Using Custom Datasets¶

VISSL allows adding custom datasets easily. Using a new custom dataset has 2 requirements:

Requirement1: The dataset name must be registered with VisslDatasetCatalog.
Requirement2: Users should ensure that the data source is supported by VISSL. By default, VISSL supports reading data from disk. If user data is loaded from a different data source, please add the new data source following the documentation.

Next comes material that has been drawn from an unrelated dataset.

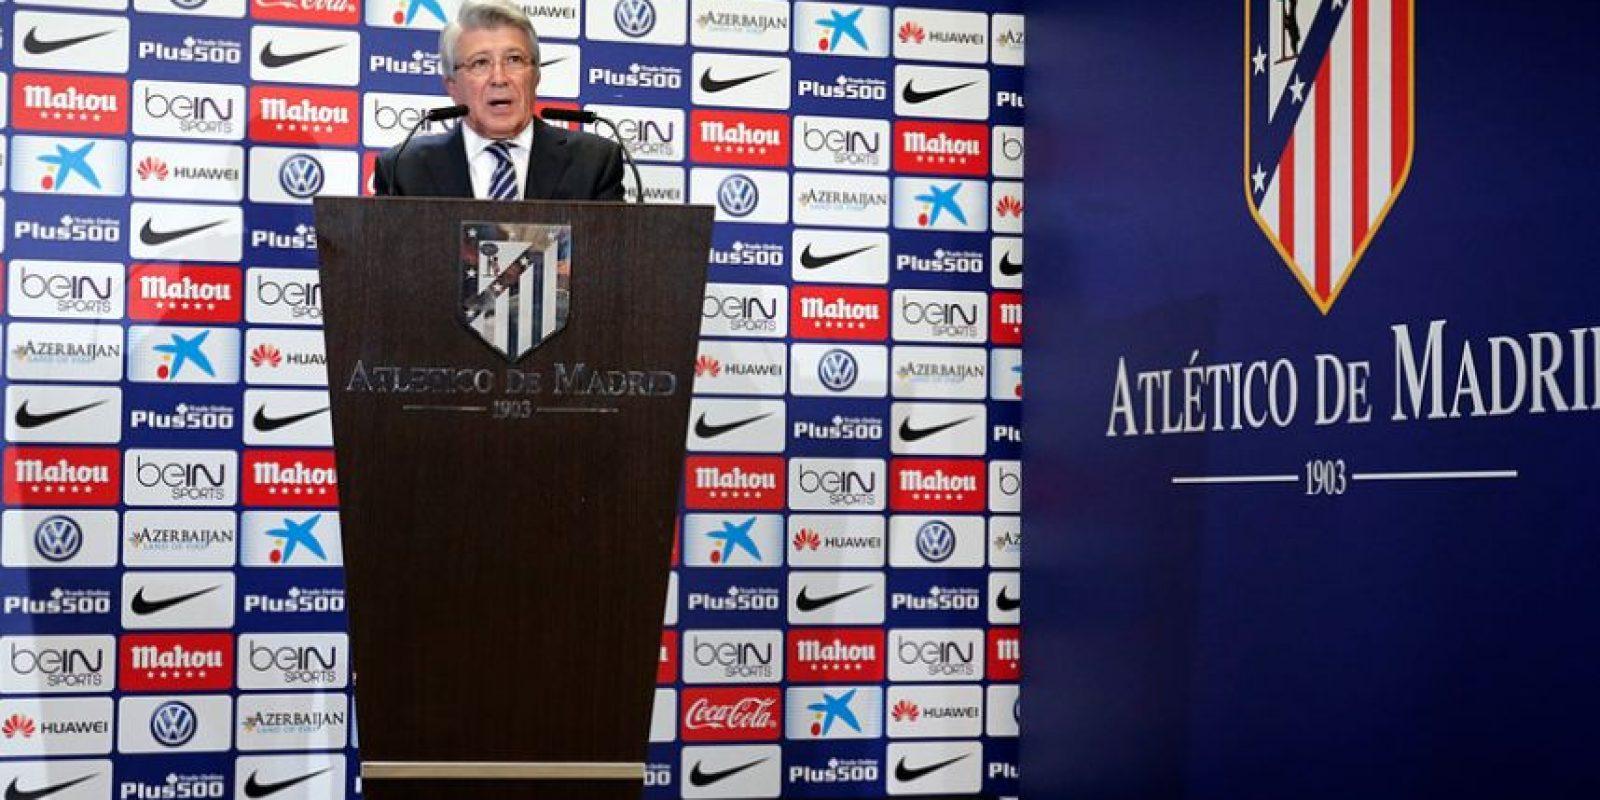 Foto:Atlético de Madrid/Ángel Gutiérrez

Follow the steps below to register and use the new dataset:

Step1: Register the dataset with VISSL. Given user dataset with dataset name my_new_dataset_name and path to the dataset train and test splits, users can register the dataset following:

from vissl.data.dataset_catalog import VisslDatasetCatalog

VisslDatasetCatalog.register_data(name="my_new_dataset_name", data_dict={"train": ... , "test": ...})

Note

VISSL also supports registering the dataset via a custom json file or or registering a python dict with your datasets. Please see our documentation on Using dataset_catalog.json

Step2 (Optional): If the dataset requires a new data source other than disk or supported disk formats (disk_folder or disk_filelist), please add the new data source to VISSL. Follow our documentation on Adding new dataset.
Step3: Test your dataset

DATA:
  TRAIN:
    DATA_SOURCES: [my_data_source]
    DATASET_NAMES: [my_new_dataset_name]